Wajah tua Jumari masih terlihat syok dan trauma. Walau masih terlihat sedih tapi pria enam anak ini sudah menerima kepergian orang-orang tercinta, istri Ginem (46) dan dua anak Juwita (14) serta Ubaidila Pata (7).Hingga Sabtu (6/8) tak berhenti kerabat, tetangga dan para guru anaknya menyampaikan dukacita mendalam. Dengan kedatangan orang yang prihatin keadaan keluarganya Jumari sudah terlihat tenang.
Saya seperti tak percaya dengan musibah yang datang tiba-tiba merengut nyawa orang-orang yang saya cintai. Rasanya seperti mimpi dan sulit untuk diungkapkan dengan kata-kata. Begitu tiba-tiba dan cepat berlalu.Kejadiannya Senin (1/8) malam sekitar pukul 20.30 wib.
Bagaimana tidak, saat kejadian pun saya sempat berdialog dengan istri saya,Ginem. Ginem paling suka nonton sinetron Cinta dan Dusta di Stasiun Televisi Indosiar. Sebenarnya, saat kejadian itu hujan turun dengan derasnya disertai guruh dan guntur. Karena begitu derasnya hujan sempat listrik di rumah tak menyala.
Nah, karena listrik padam. Setelah buka puasa, Istri saya naik ke tempat tidur bersama anak kami Juwita dan Ubay -- begitu sapaan Ubaidila - sehari-hari. Saya sempat melihat Ginem mengeloni anak kami Ubai. Naha, karena listrik padam, Ginem sempat pesan pada saya agar memanggilnya jika sudah hidup lampu.
Saat itu saya juga sedang berleh-leha duduk di depan televisi tak jauh dari tempat tidur Ginem. Rumah kami memang tak ada sekatnya. Disitu ruang tamu, kamar tidur dan dapur. Nah,,,saat saya berleha-leha itu tiba-tiba saya mendengar suara bruuuk,,,,,.Seperti pohon jatuh. Tiba-tiba entah bagaimana tubuh saya ikut limbung jatuh ke bawah.
Saya tak tahu dimana saya berada.Tiba-tiba saya sudah jatuh kebawah dan tepat berada di depan saya daun pintu. Dalam hitungan detik, saya tak dengar suara anak istri saya lagi. Barulah saya mulai mendengar jeritan orang-orang. Apa yang terjadi ? Ya Allah, ternyata rumah saya ambruk, jatuh amblas kebawah. Saya tak bisa berbuat apa-apa.
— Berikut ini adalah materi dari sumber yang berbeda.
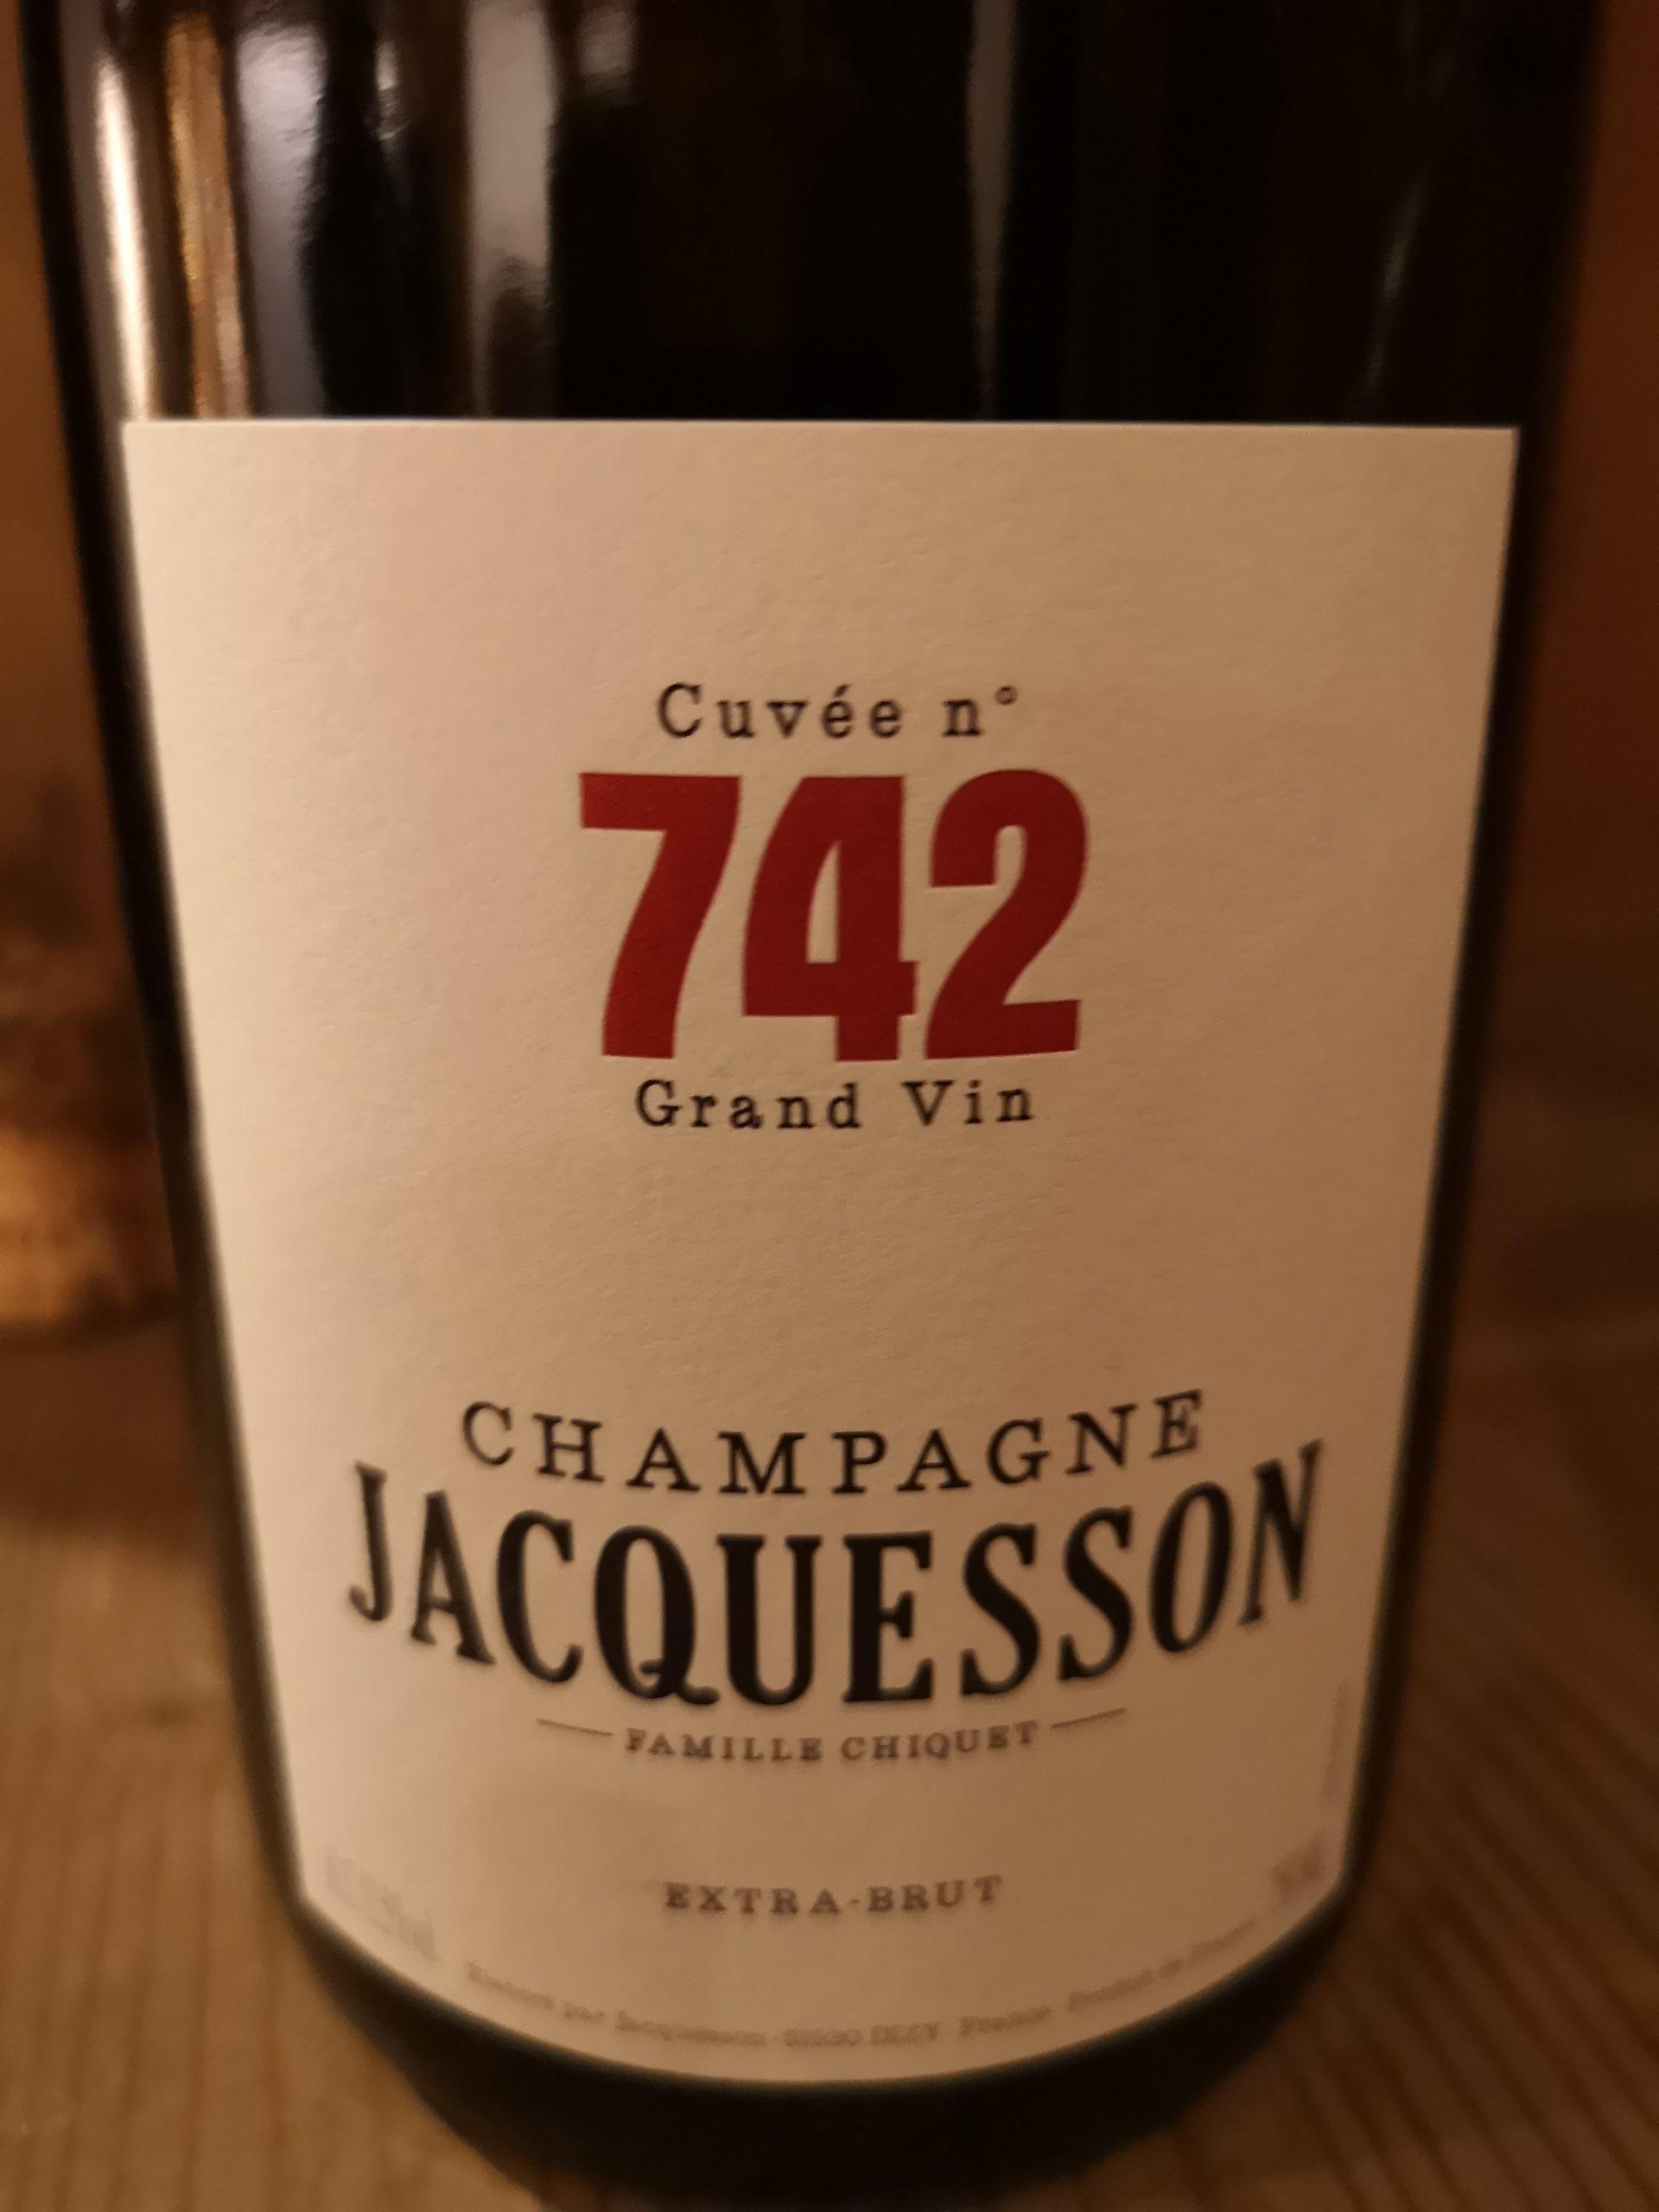 -nv- Champagne Jacquesson Cuvée n° 742 Extra-Brut   Jacquesson
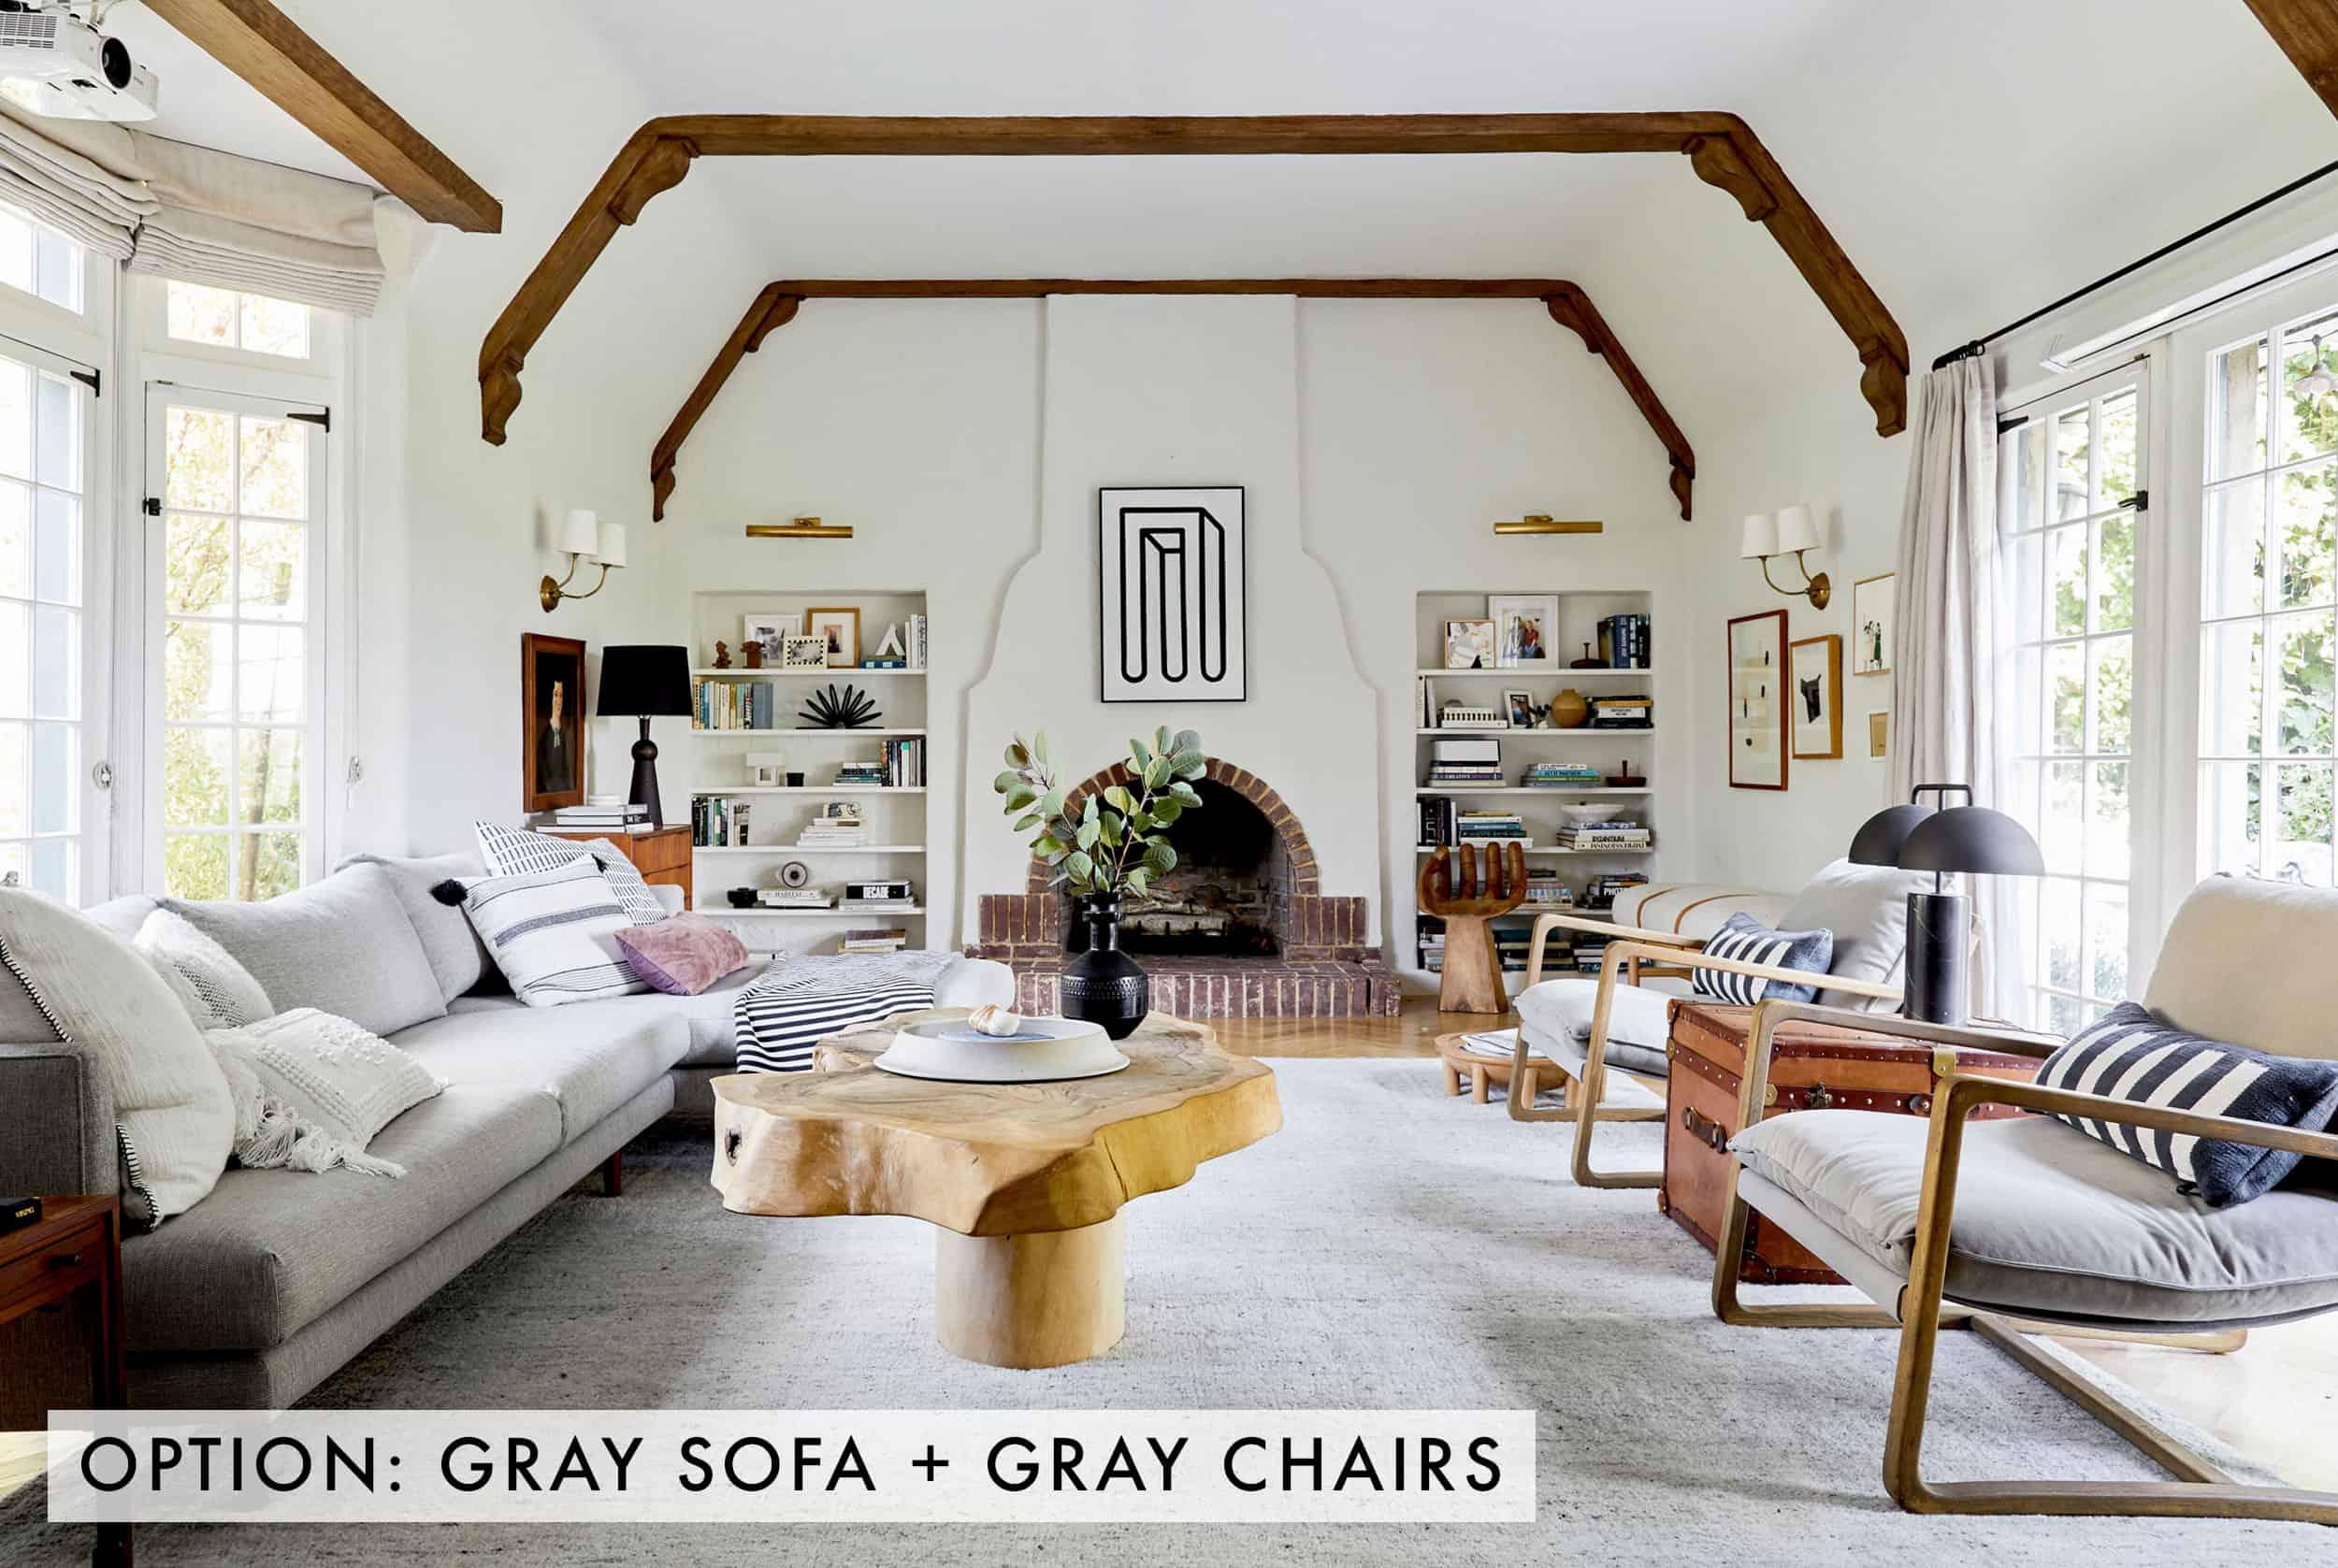 Gray Sofa + Gray Chairs

Di depan mata saya menyaksikan rumah saya rata dengan tanah.Ya, saat hujan deras itu bukit dan tanah longsor dari tebing menimpa kediaman kami. Kejadiannya begitu cepat, sehingga saya tak tahu sudah dimana dan dimana keberadaan istri dan dua anak.Walau rumah saya amblas tapi syukurlah rumah anak ketiga saya Sri Wahyuni yang satu dinding dengan saya tak ikut ambruk.
Yang saya dengar dari pihak kepolisian diduga longsor tersebut terjadi akibat hujan deras yang melanda daerah kawasan rumah kami sejak Senin sore hingga Senin Malam. Karena tak mampu menahan air dalam jumlah besar, tanah yang berada di bagian atas desa itu longsor dan menimpa rumah yang berada di Dusun lima dusun kami. Setahu kami di dusun itu baru kali inilah kejadian longsor seperti ini.
Butuh waktu dua hingga tiga jam untuk mengevakuasi jenazah korban yang tertimbun dalam tanah. Sebenarnya, anak sulung saya Muhammad Basuki (25) melihat tangan menyembul dari reruntuhan tanah. Tapi, kalau tangan itu ditarik takutnya patah. Apalagi, tanah disekitar lokasi tanahnya lembek dan hancur. Setelah tiga orang itu ditemukan ternyata semua sudah meninggal dunia.
Ya, apa dikata, saya harus pasrah dan Tawakkal dengan musibah mengenaskan itu. Yang saya tak habis pikir sekarang, kenapa istri 'membawa' pergi anak nomor 4,5 dan 6. Sedangkan yang masih bersama saya anak nomor 1,2 dan 3. Ya, seperti sudah diatur saja.
Sebenarnya, kami tak pantas tinggal dilokasi rumah yang berada diatas bukit. Tapi, apa daya, kami harus menerima keadaan ini. Sebab,kami orang susah yang tak punya apa-apa. Rumah itu pun tanahnya atas pemberian Kepdes Bantu Purba. 'Kalau kalian mau tinggal disitu, boleh saja'. Makanya, kami berjumlah 14 KK gotong royong membuat rumah ala kadarnya.